The one time I put up a big fight (when my energy company suddenly decided to charge me £2,000 for totally spurious reasons) I ended up caving in (I paid £265 because I was about to have major surgery and didn't want to leave a mess for my family if things went wrong).
Yes! You are right. In future I will be polite but firm and stand up for myself. Thankyou!
After rereading the original post, I see that I thought boat was encouraging others to "not" hit the delete button but share some ideas that we might otherwise be reluctant to sometimes .. so I did ..
Not a pivotal moment history! But I put myself out there .. :D
I often hold back from posting. Mainly because I know exactly what to say in my head but by the time it gets to my fingers it sounds all wrong
I agree Jalima that it can be therapeutic just to write it down. Then I preview it and often don't post. I don't think it's wasted if you have worked through an idea.
Then someone else writes just what you were thinking but clearly and succinct.
Bathsheba I'm glad you did decide to post-
My effort was to touch on some subjects that can sometimes cause one to pause prior to hitting the Post Message button- Or delete completely- Like injustice, politics, so forth-
Sometimes, I think, it's worth saving the message, setting it aside and then rewriting it if it needs to be toned down- Especially if it's truly a subject that is in need of attention and/or consideration-
It feels good to type something just to get it off my chest then hit delete- But as luck would have it, the subject presents itself again, providing me with yet another opportunity to share what I'm thinking .. 
In reply to the OP - all the time - too numerous to detail here. Discretion is a lost art for so many nowadays.
An interesting post rosecarmel and one I'm sure many of us can relate to. But I'm puzzled as to its relevance to this thread ?

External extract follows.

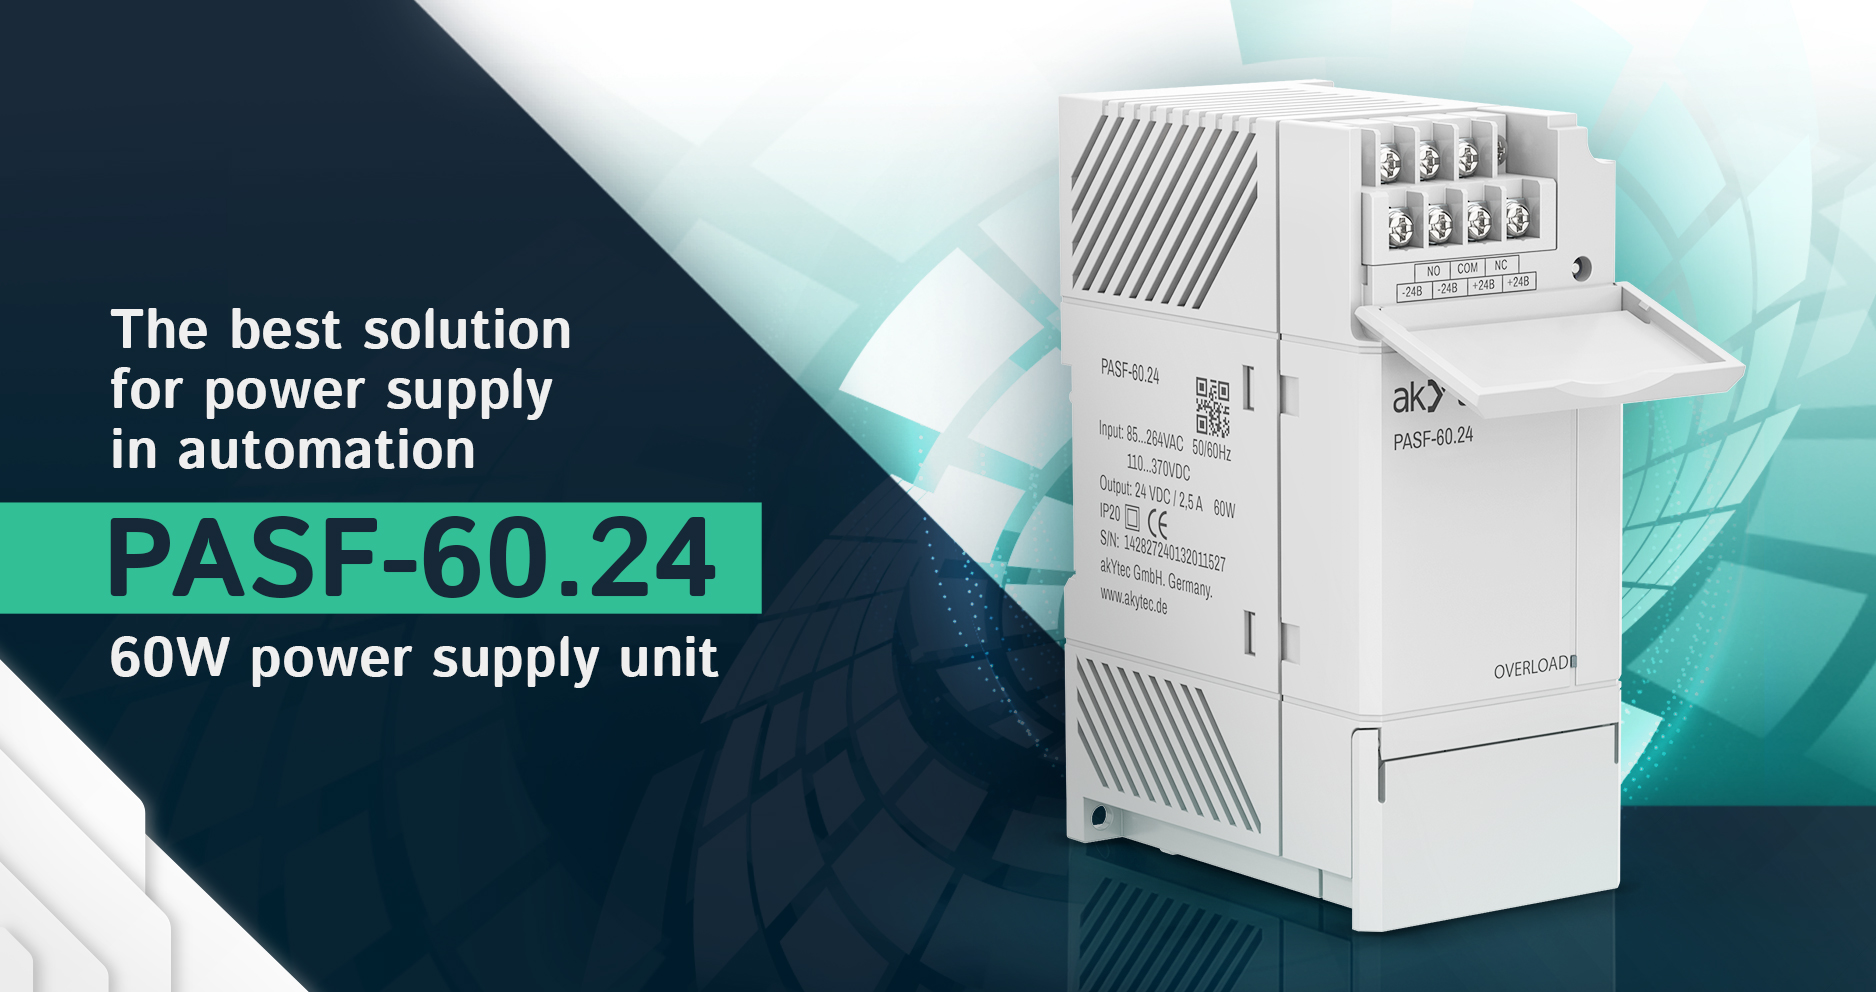 The best solution for power supply in automation

And I nearly didn't post this....
When Netflix raised their price, yet again, I canceled- When Hulu charged my card after I had canceled, I sought a refund and received it- When Walmart refused to refund my credit card but issued a gift card instead, I stopped shopping at Walmart- In short, I no longer approach such situations passively, but instead take action and be persistent- No need to be mean, simply persistent- Amazon repeatedly delivered my parcels to a neighbor- I don't pay my neighbor to deliver the packages to me, I pay Amazon- I received gift cards for the inconvenience as well as refunds for the cost of my items- They now deliver the packages correctly- Facebook exploited its members by way of sharing their personal information, including personal conversations via messages and Messenger- Our environment is dying- We can work together to make changes that benefit every living thing, and do so peacefully- It's possible- But one needs to speak up and take action-
I'm sure I've written enough to oust myself, if anyone was that interested.
What worries me is that other people may recognise themselves or their family.
I would hate to write details of other peoples' lives where they might offend or upset.
I write and delete posts all the time. I often get things off my chest that are bothering me (usually about how people are being badly treated) and then realise I don't actually need to inflict my angst on others. I recently wrote one such post after a very frustrating day when I was really upset and I did post it - and lovely Gransnetters saw it for what it was and were very kindly in their responses. 
I have held back if I thought that a response or post might make my situation or problem public. I am aware that posts appear on face book and Mumsnet so that several huge worries I have and for which it might have helped to gain others opinions, have not seen the light of day due to a fear of them becoming known to family or friends! I am sure I am not alone with this one
Often .mostly because my post could be misread in some way . I can't remember many examples as there are too many but one particular thread that's running at the moment that we are not sure is genuine or not is one where I could have replied but have avoided.
Sometimes it can make you feel better to type out a post, even if you end up deleting it.
and, like aggie , I sometimes think, why did I post that?